2. System overview How to model parallelism?
Model parallelism is: the appropriate split model to different computing units to use the task of parallelism to achieve the entire model in the process of parallel effect.
As shown in Figure 2, the difference between the training from single GPU to the multi-GPU model is revealed: In the case of single GPU training, the model is not split, the whole model is stored on the GPU memory, and the model is split into multiple GPU storage in the parallel scenario. Therefore, in the training process, each GPU is actually only part of the training model, through the execution of engine scheduling in a workergroup to complete the training of the entire model.

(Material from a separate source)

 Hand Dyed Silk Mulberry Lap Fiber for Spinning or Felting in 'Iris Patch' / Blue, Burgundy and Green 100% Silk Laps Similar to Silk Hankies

Multi-GPU parallel systems are functionally divided into training data dispatcher for reading and distributing data and GPU Worker for model parallel training, as shown in Figure 3. The training data reads from the disk file to the CPU main memory and then copies to the GPU memory, therefore the design when each worker calculates each batch data, reads and distributes the next batch data from the file by the training data dispatcher, achieves the computation time to conceal i/ o Time design goals.
3. The parallel acceleration of the training data processing is based on mini-batch training, and the existing technology scheme reads and processes 1 batch data from the data file each time, and the next batch is preprocessed by the CPU when calculating a batch on the GPU when the depth convolution neural network is trained. However, with the increase of the number of image pixels of the training set, the reading and processing time increases, because the use of multi-GPU technology to accelerate the single batch calculation time, data processing performance problems, the need to reduce data processing, so that the final acceleration effect depends on the calculation.

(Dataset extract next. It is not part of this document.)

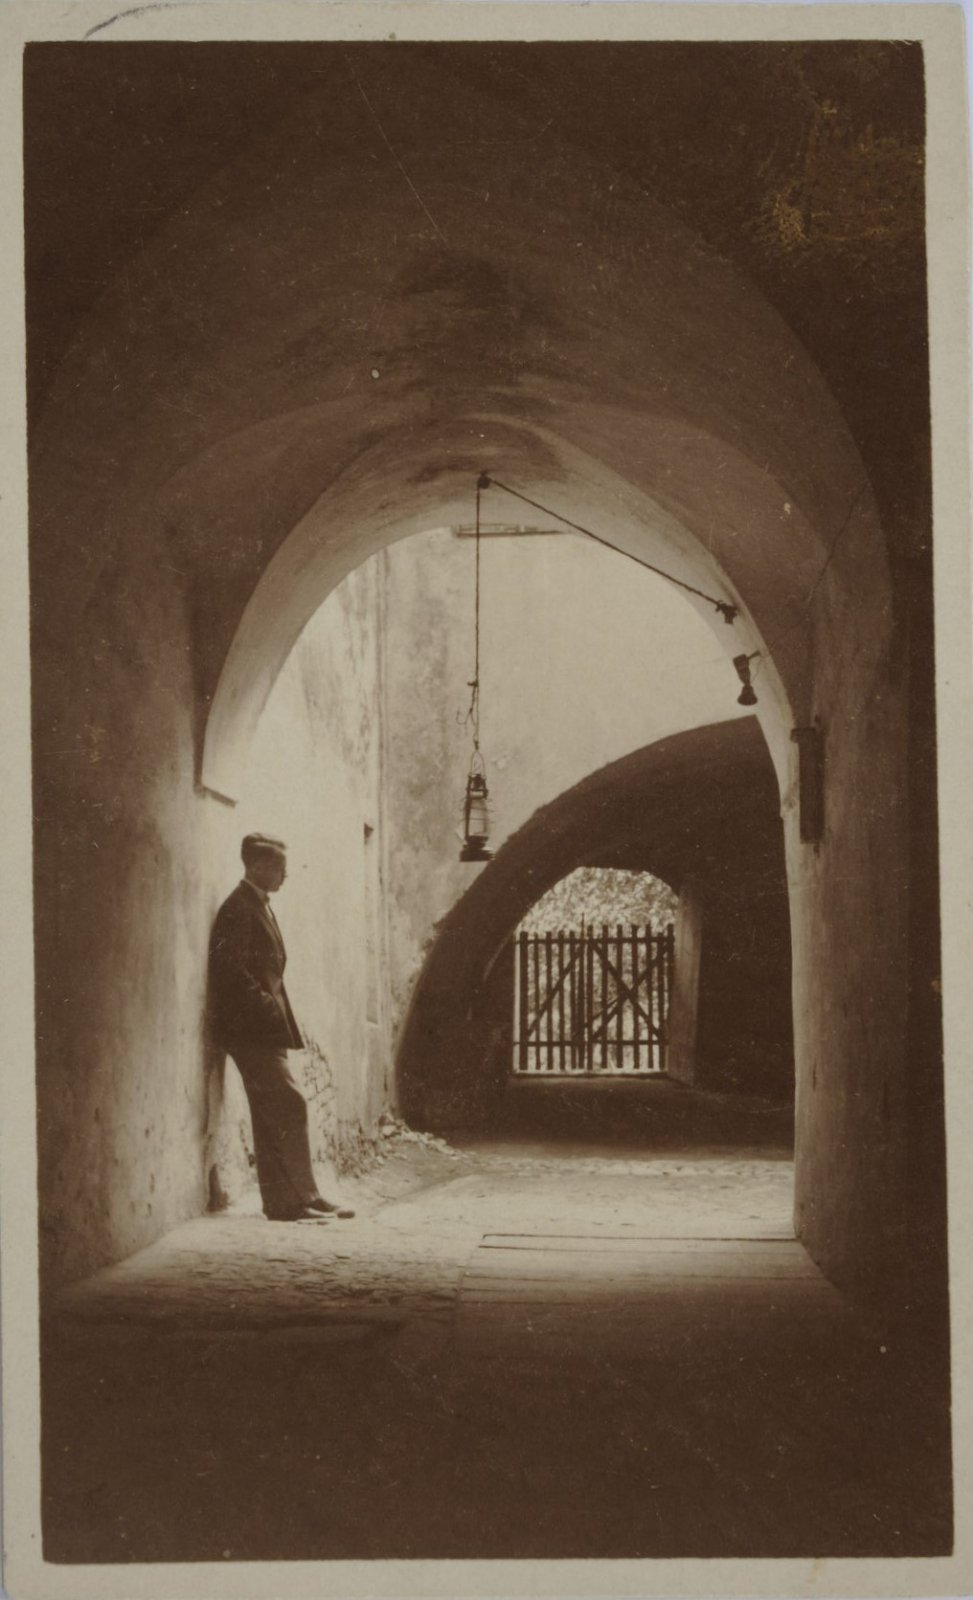 Józef Czechowicz in the gate at 19 Jezuickiej Street (opposite the cinema), black and white photograph, no date, collection of the National Museum in Lublin.

As shown in Figure 4, overall, in the depth convolution neural network training process is always in a three-stage parallel pipeline: The calculation of this batch data-processing the next batch data-read the next batch data.

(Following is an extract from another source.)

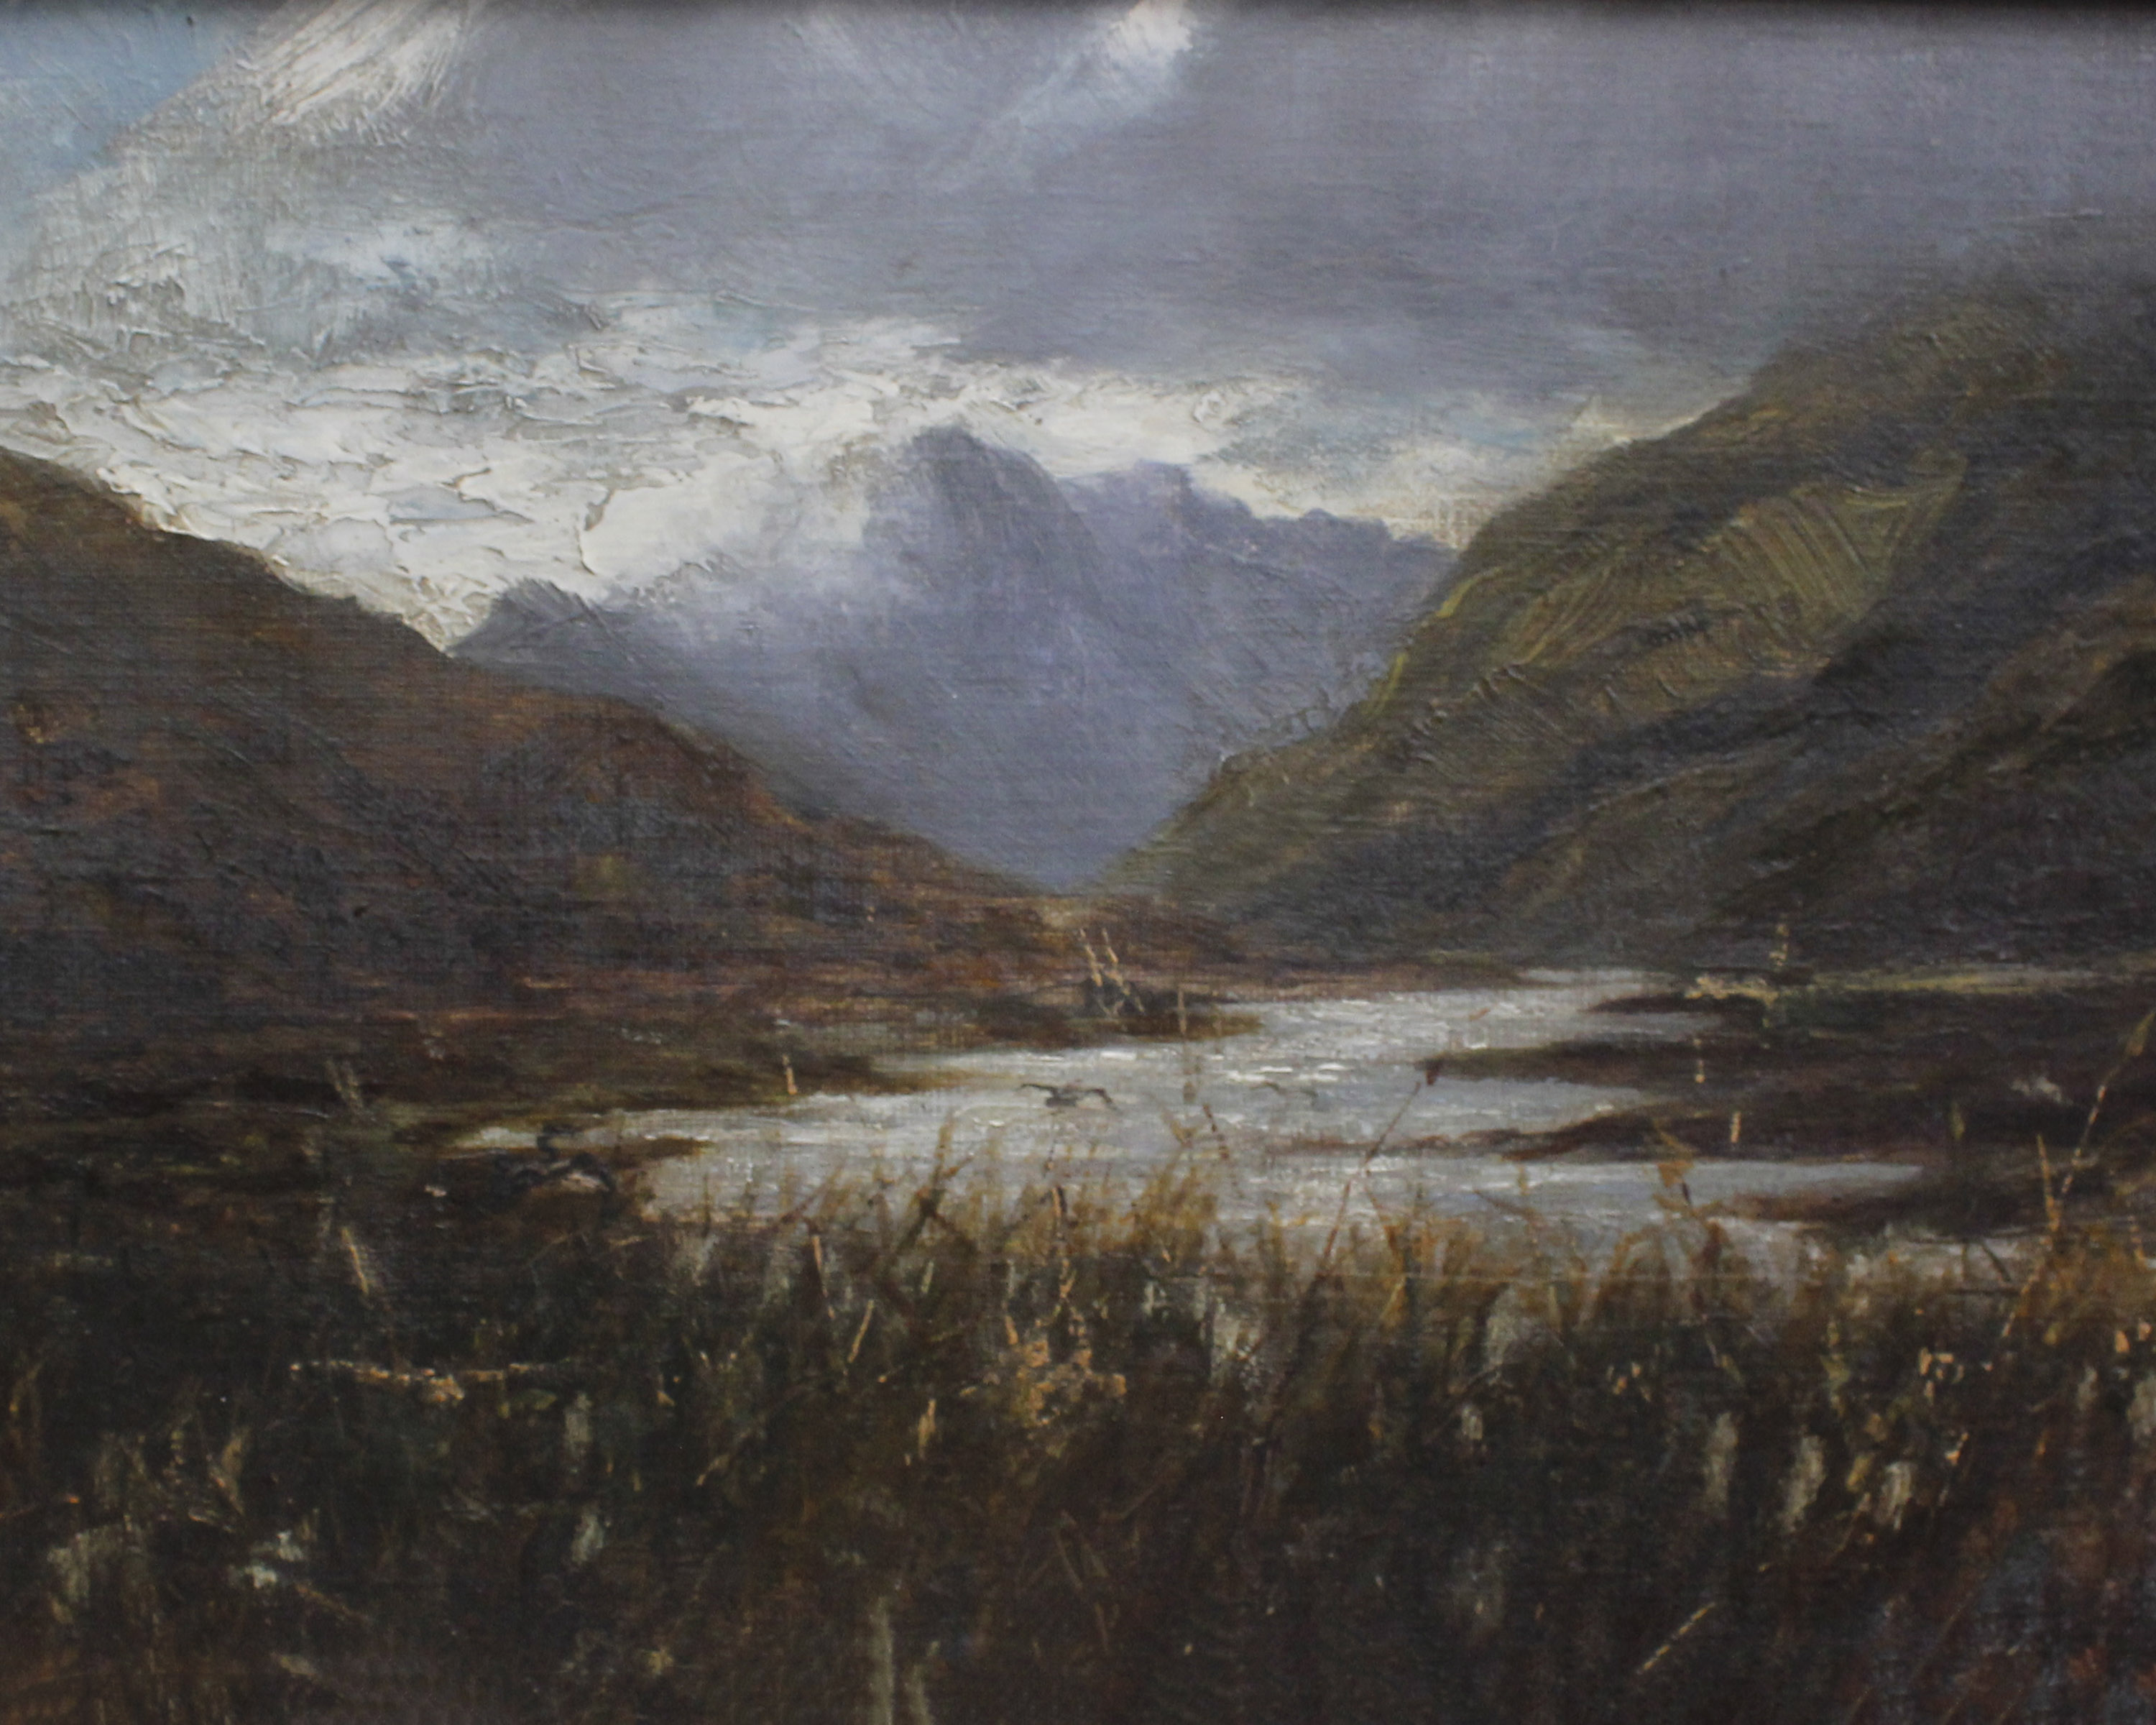 A Landscape Painting Circa 19th Century, Possibly of ScotlandOil on board in gilt frameArtist

4.GPU worker: Model parallel bearer data parallel to divide the worker group as the basic organization, the model parallel to the worker group in the Division of workers as the basic organization, parallel training scheduling resources from the CPU thread, The computing resource is derived from the GPU card. Since GPU cards are generally considered to be an accelerator card or coprocessor card, they must be called in the context of a CPU-based host, so it is possible to use 1 CPU threads to bind 1 GPU cards to play the parallel performance of multiple GPU participation in computation.
In a real-world production environment, the hardware architecture for installing a multi-GPU server is shown in Figure 5, and the example reveals a hardware configuration for a 8 GPU node server, with each two GPU Slot connected to a GPU-specific PCI slot and the GPU Slot via PCIe switch 0,1,2,3 is connected to a CPU, the GPU Slot 4,5,6,7 is connected to another CPU, and the two CPUs are connected via IOH (Input Output Hub).